Could you please explain your reasons for wanting to close the sse connection and open another? It would help us to help you achieve your goal.

The page is designed so that as the user selects different inputs, the SSE div needs to be updated to use a different query parameter. There's too much incoming data to filter it only by the SSE message, so re-connecting with different parameters is used instead to filter and reduce the number of messages.

Also, 6 connections is only for http1.1. If you use http 2 or 3, which are supported by essentially all people's browsers, then this is a non-issue.

This is an application that can be run over localhost, so unfortunately only http/1.1 is used. Afaik you could technically use http/2 over localhost, but I don't think asking users to install a TLS cert for localhost is reasonable. This isn't a fault of htmx, but I'm just trying to mitigate the pain points as much as possible by trying to keep the number of SSE connections low. Initially I thought removing the existing element would be an easy way to do this.
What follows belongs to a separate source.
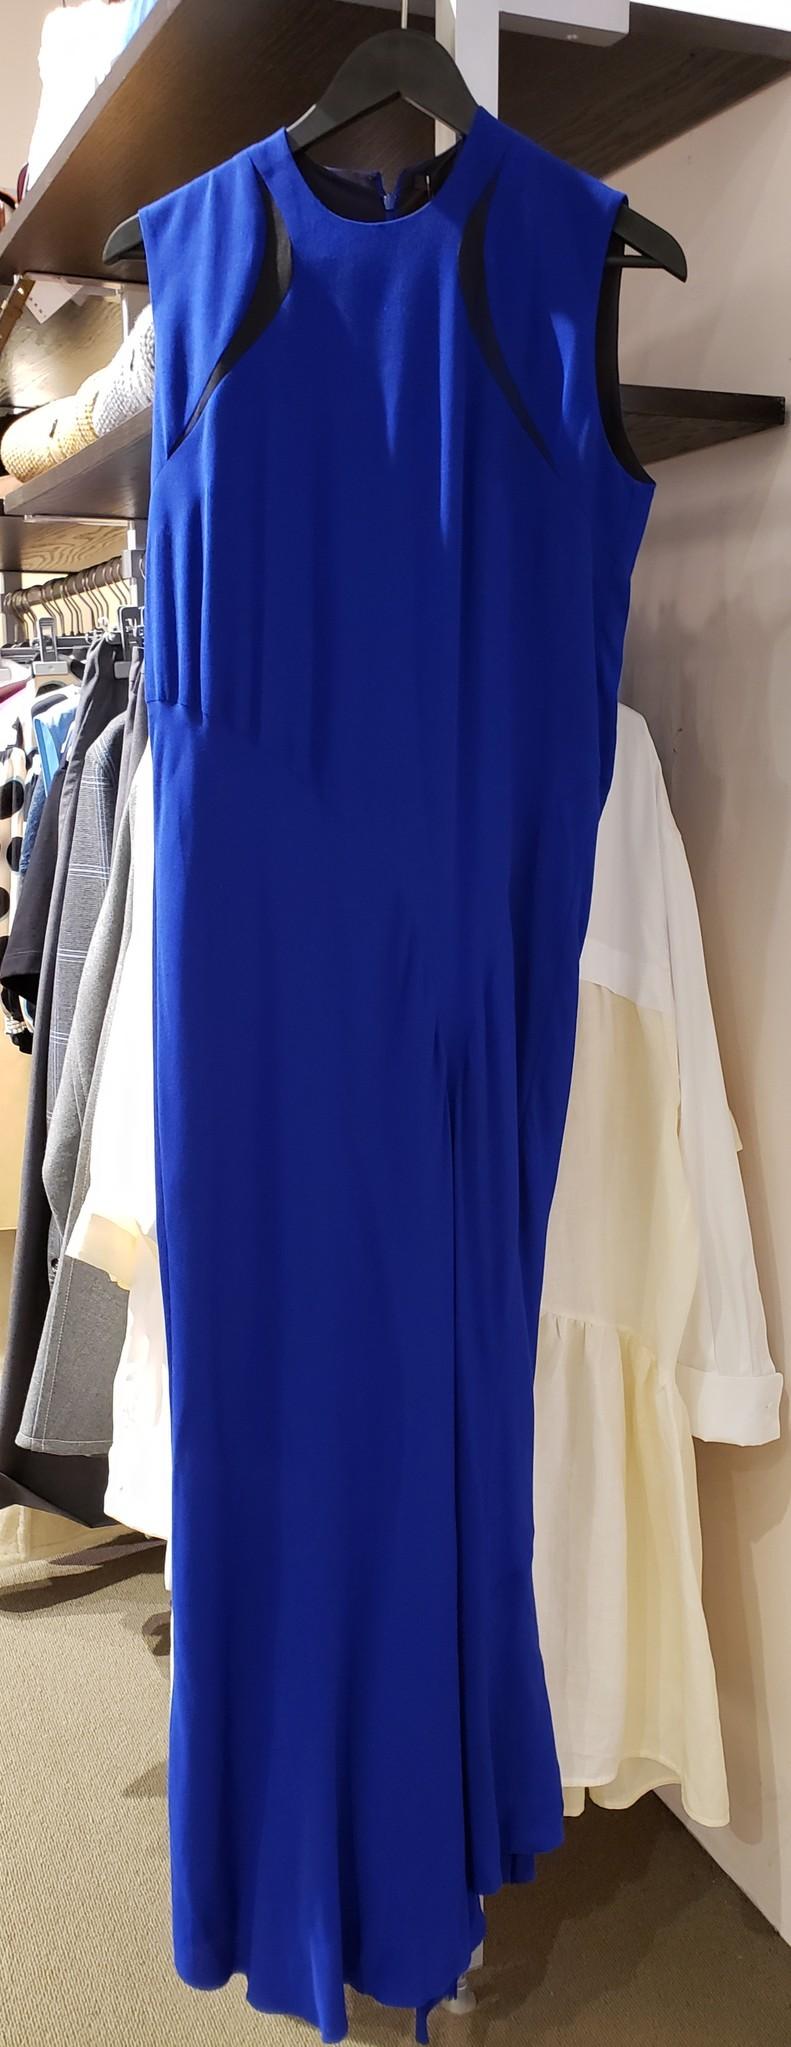 Dress - Blue w/bl. insert - Sz. 38-1

Aside from that, it may be unintuitive to developers if deleting the dom element causes the connection to stay open. Does this mean the connection stays open until the page refreshes? If this is the intended behaviour, maybe it would be helpful to document.

Anyway, you should be able to use the maybeCloseEventSource function in your own function or event listener. Or, I'm pretty sure there's a way within htmx to trigger a function upon events.

Thanks, I'll look into that!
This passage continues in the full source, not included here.